Einstein apparently once remarked that "The most incomprehensible thing about the universe is that it is comprehensible." In a famous paper in *Pure Mathematics* (**13** (1), 1960), the physicist Eugene Wigner (Nobel in 1963 for atomic theory) discussed "The Unreasonable Effectiveness of Mathematics in the Natural Sciences". The essay is not too long (for an academic piece), but I think this example of the the application of mathematics gives the best taste of what Wigner is trying to point out.

The second example is that of ordinary, elementary quantum mechanics. This originated when Max Born noticed that some rules of computation, given by Heisenberg, were formally identical with the rules of computation with matrices, established a long time before by mathematicians. Born, Jordan, and Heisenberg then proposed to replace by matrices the position and momentum variables of the equations of classical mechanics. They applied the rules of matrix mechanics to a few highly idealized problems and the results were quite satisfactory.

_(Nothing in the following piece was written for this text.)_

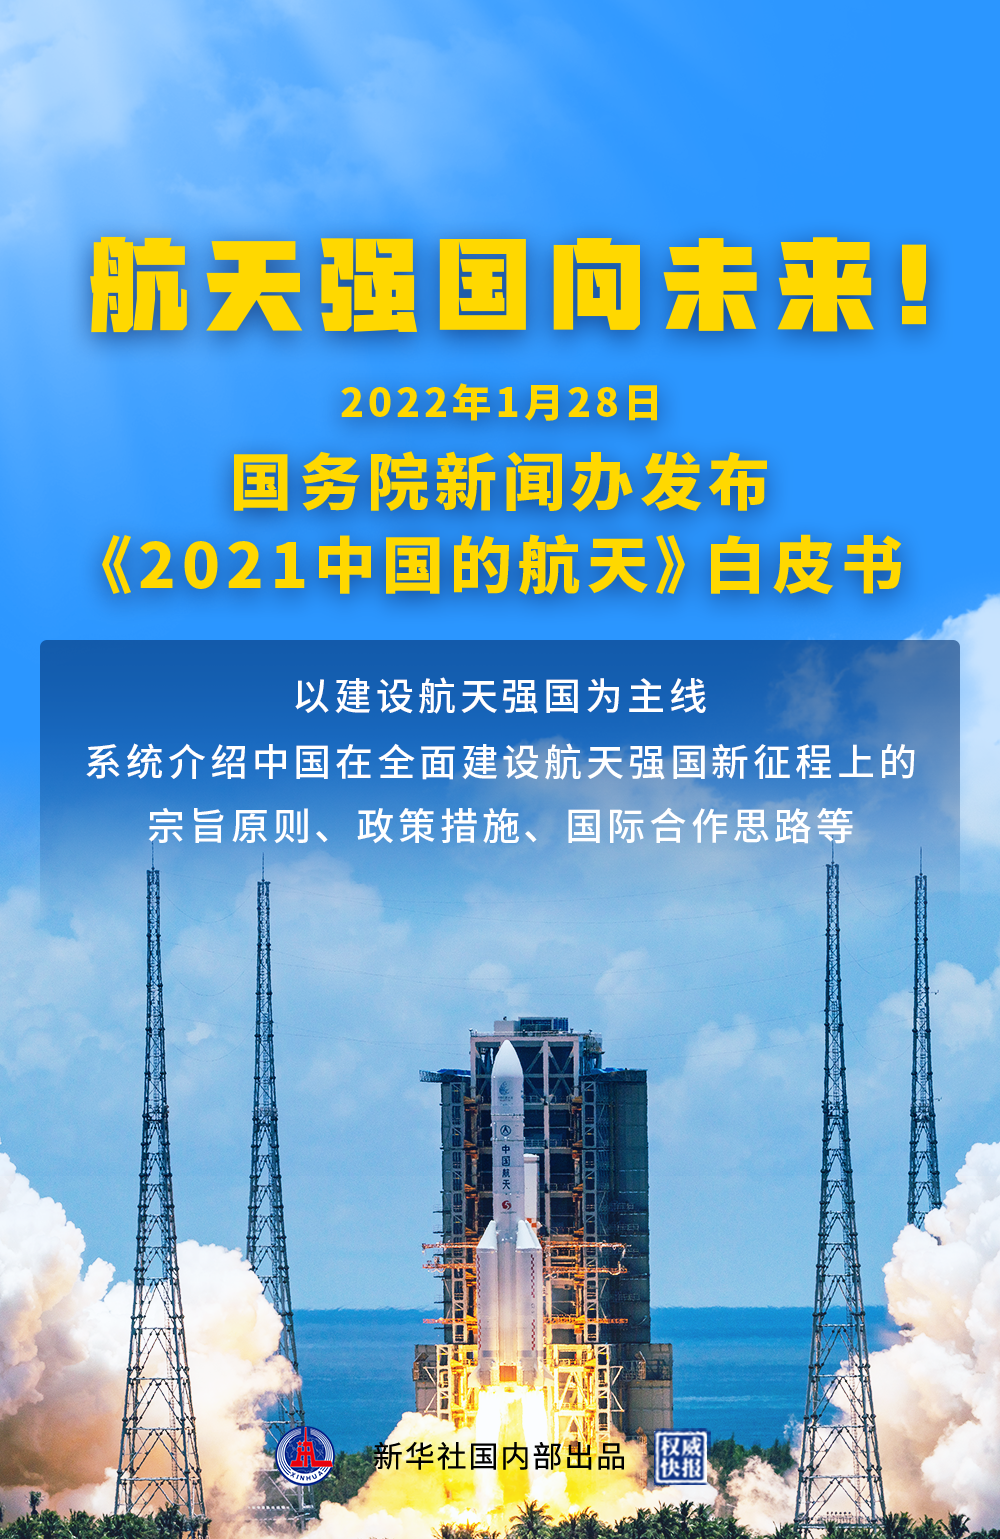 《2021中国的航天》白皮书发布

However, there was, at that time, no rational evidence that their matrix mechanics would prove correct under more realistic conditions. Indeed, they say "if the mechanics as here proposed should already be correct in its essential traits." As a matter of fact, the first application of their mechanics to a realistic problem, that of the hydrogen atom, was given several months later, by Pauli. This application gave results in agreement with experience. This was satisfactory but still understandable because Heisenberg's rules of calculation were abstracted from problems which included the old theory of the hydrogen atom.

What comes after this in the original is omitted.